TRON Contest 2025 Entry
This project is a wearable motion analyzer built on μT-Kernel 3.0.
It measures wrist motion with an accelerometer, records reference (MASTER) and comparison (MINIC) motions,
and provides real-time feedback via LED display and sound effects.
- Runs on μT-Kernel 3.0 with small footprint, low power, and real-time performance
- Simple operation:
- A button = record MASTER motion
- B button = record MINIC motion & compare
- Immediate feedback with LED indicators (○ / ✗) and sound
- Designed for rehabilitation support, sports education, and motion analysis
- Future expansion: multi-node configuration, AI-assisted analysis (TinyML), Web/Cloud integration
- Based on mtkernel_3 (official reference implementation)
- TRONWARE sample codes were referenced for task, handler, and synchronization control
- Added original modules:
- Motion recording & comparison
- LED animation and sound effects
- Data analysis (200-sample segmentation, Z-axis feature extraction)
- micro:bit board
- Bangle module kit (SKU 8459)
- CR2032 battery (or alternative power source, e.g. AAA×2, LiPo)
This project is part of a multi-component system:
src/
├── WearableMotionAnalyzer-uTKernel/ # Main application (this project)
│ └── build_make/ # Build directory
│ └── makefile # References lsm303agr-utkernel
├── lsm303agr-utkernel/ # Sensor calibration library
│ ├── lib/ # Built library (liblsm303agr_calib.a)
│ └── include/ # Library headers
└── wearable-motion-visualizer/ # Visualization tool (Node.js)

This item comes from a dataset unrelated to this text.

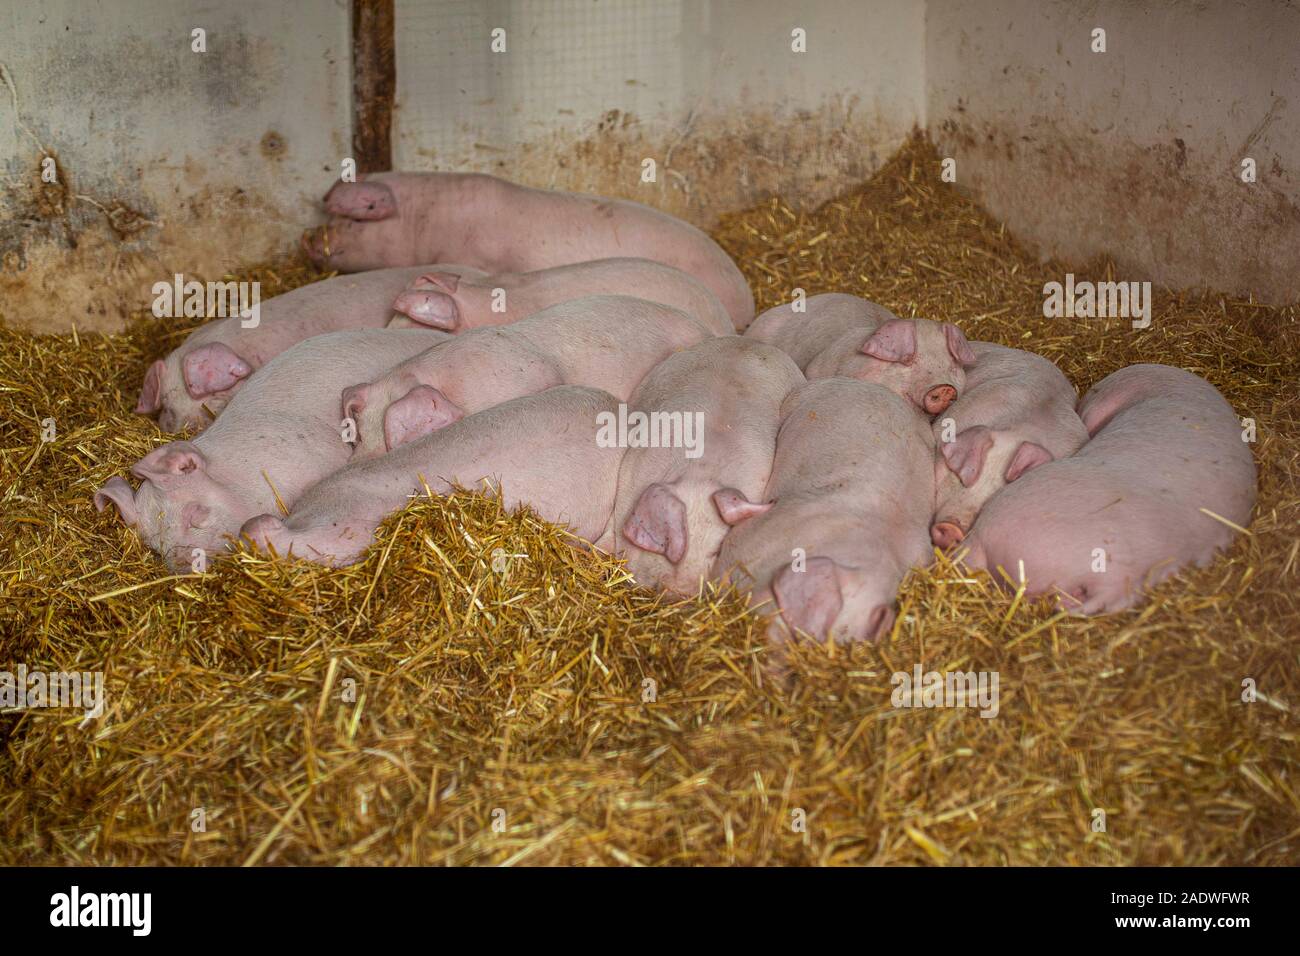 Cardiff, País de Gales, Reino Unido. El 5 de diciembre de 2019. Los cerdos jóvenes acurrucarse juntos para mantener caliente como duermen en una granja estable durante una ola de frío en gran parte del Reino Unido. Crédito: Mark Hawkins/Alamy Live News Foto de stock
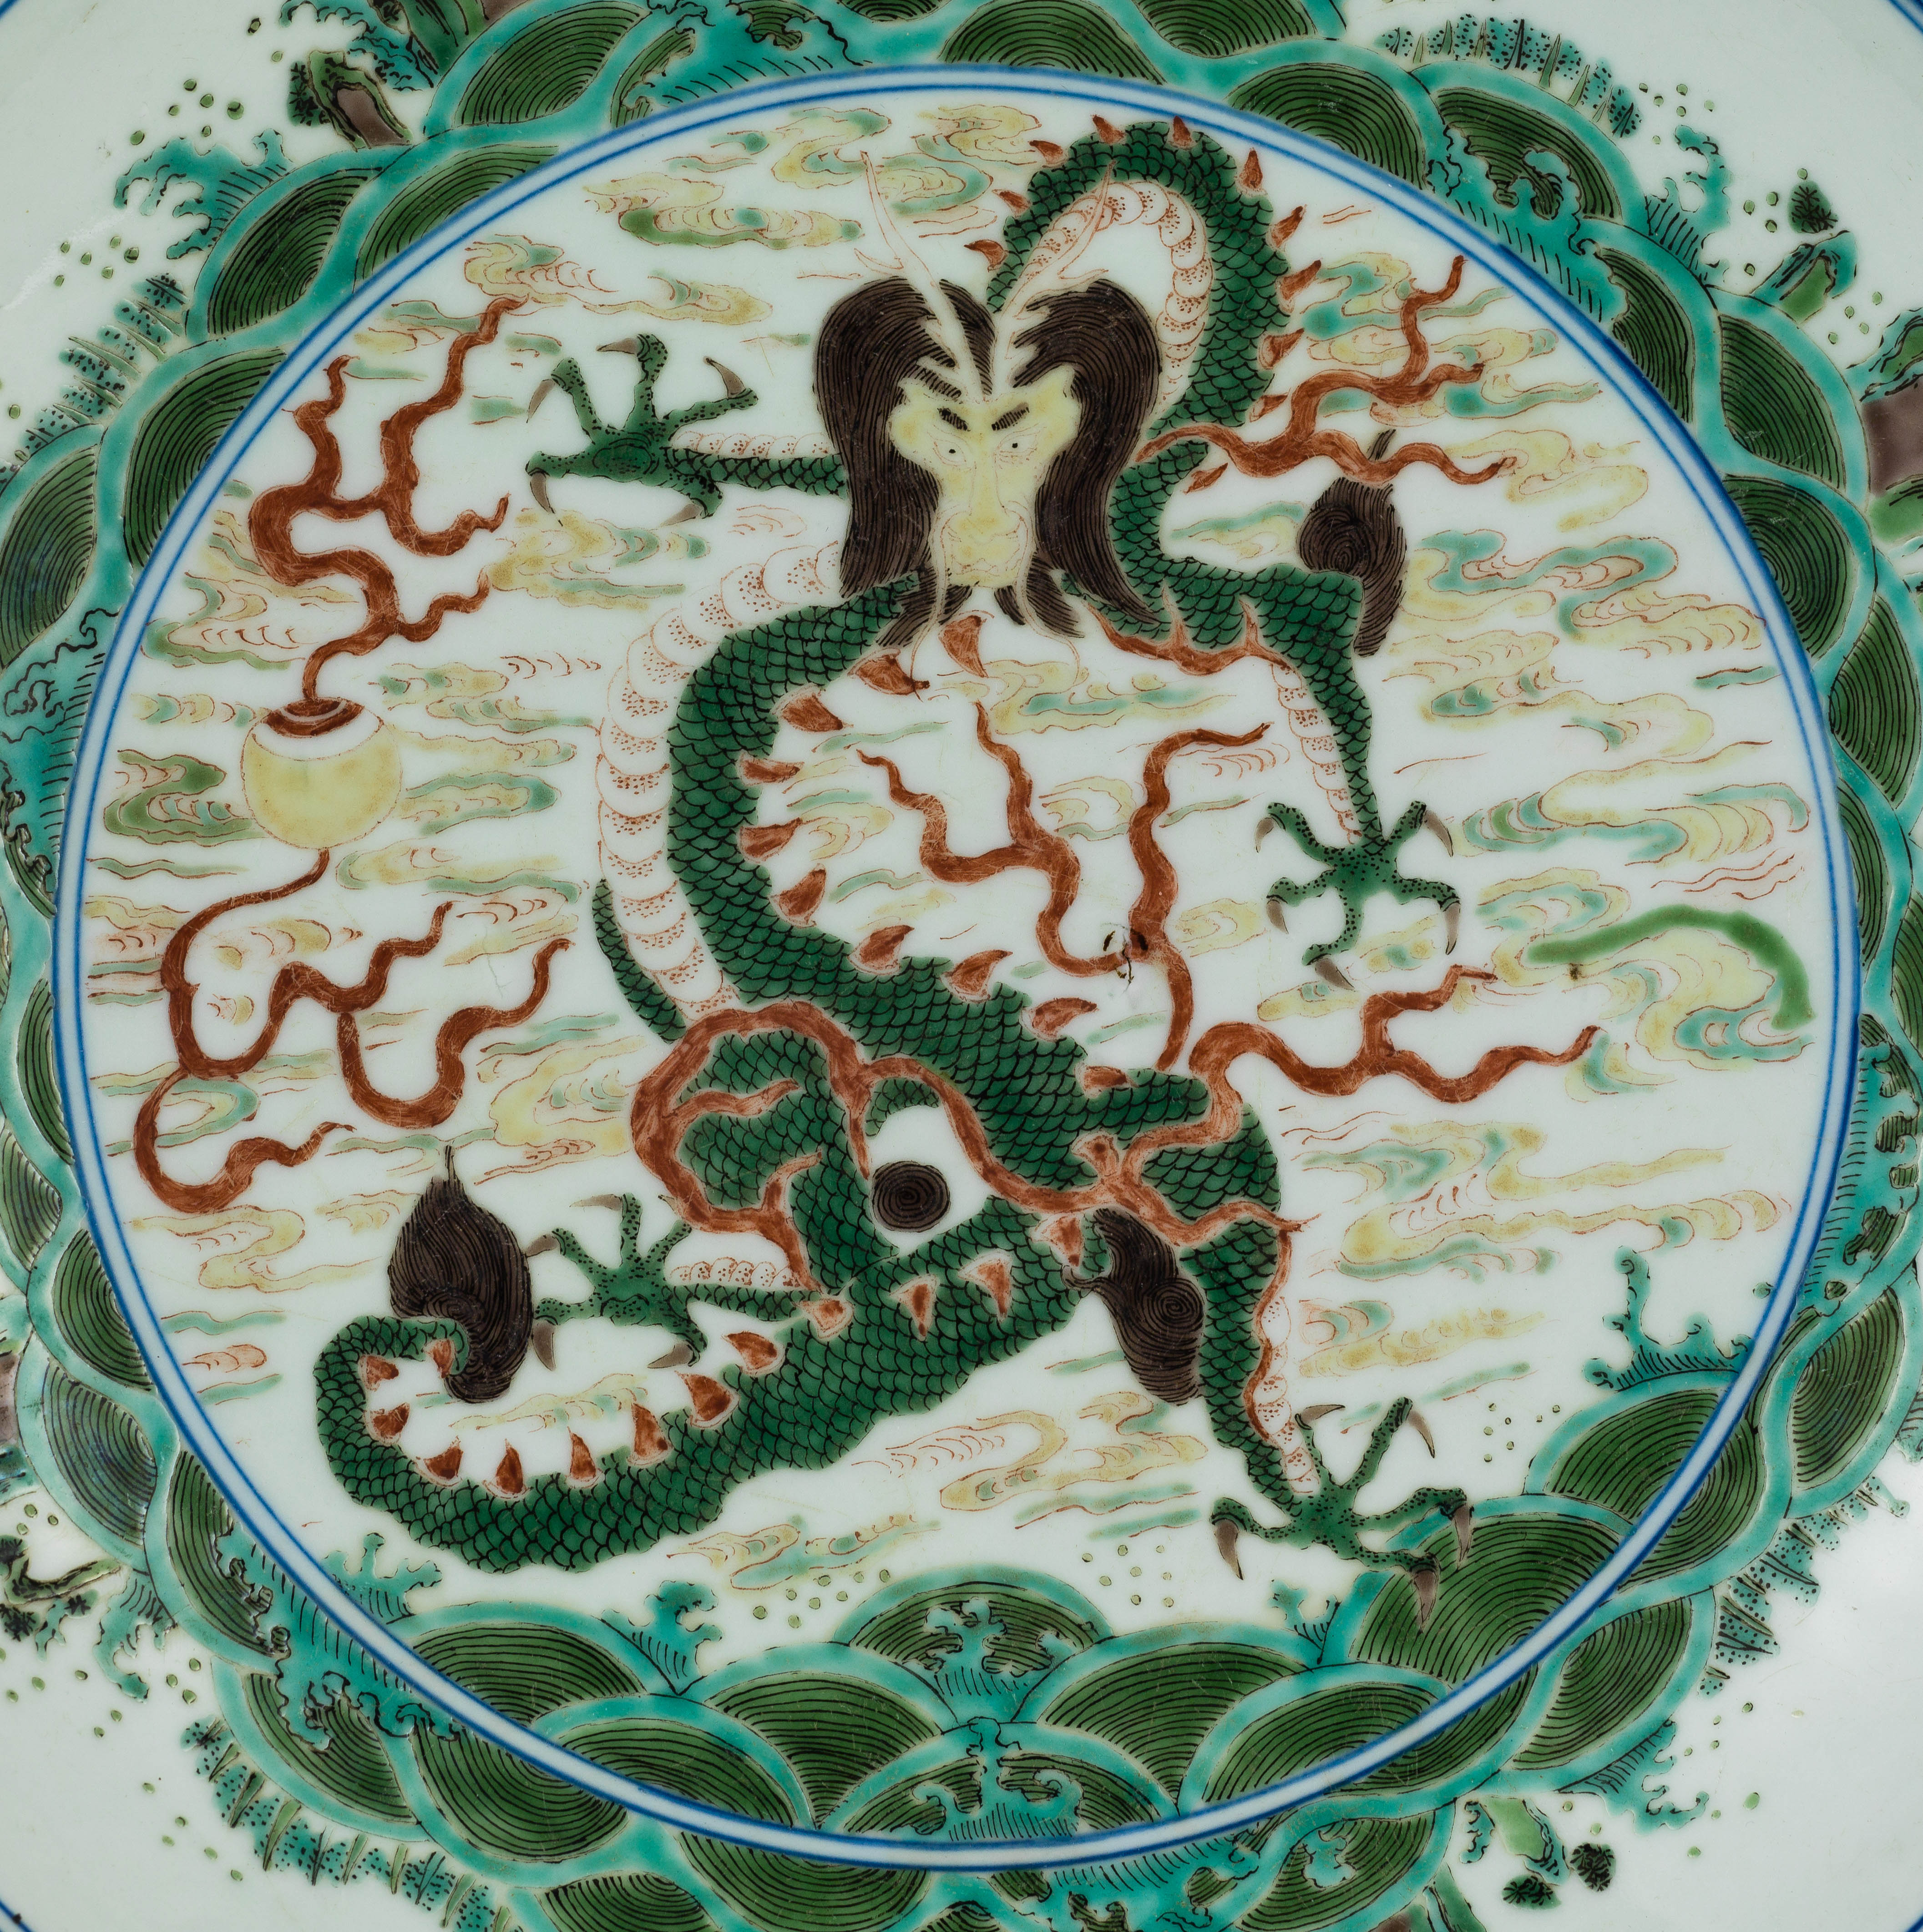  明崇禎7年（西元1634年）五彩海水龍紋盤「甲戌春孟趙府造用」款

└── server.js # WebSocket server for real-time display
-
WearableMotionAnalyzer-uTKernel depends on lsm303agr-utkernel
- The library is automatically built when building the main project
- Library path:
../../lsm303agr-utkernel/ - See lsm303agr-utkernel README for library details
-
wearable-motion-visualizer is an independent tool for visualizing sensor data
- Connects to MCU via serial port (UART)
- See wearable-motion-visualizer README for usage
- Base code: licensed under the same terms as mtkernel_3
- Modifications & extensions: © 2025 Ryuji Mori
This project is a reference implementation primarily intended for research and educational purposes.
- Research and educational use: You are free to use, modify, and distribute under the Apache-2.0 License
- Commercial use: Commercial use is permitted, but we kindly request credit and a link
- Example: "Based on Wearable Motion Analyzer by Ryuji Mori (https://github.com/mnrj-vv-w/WearableMotionAnalyzer-uTKernel)"
This project is an entry for TRON Contest 2025.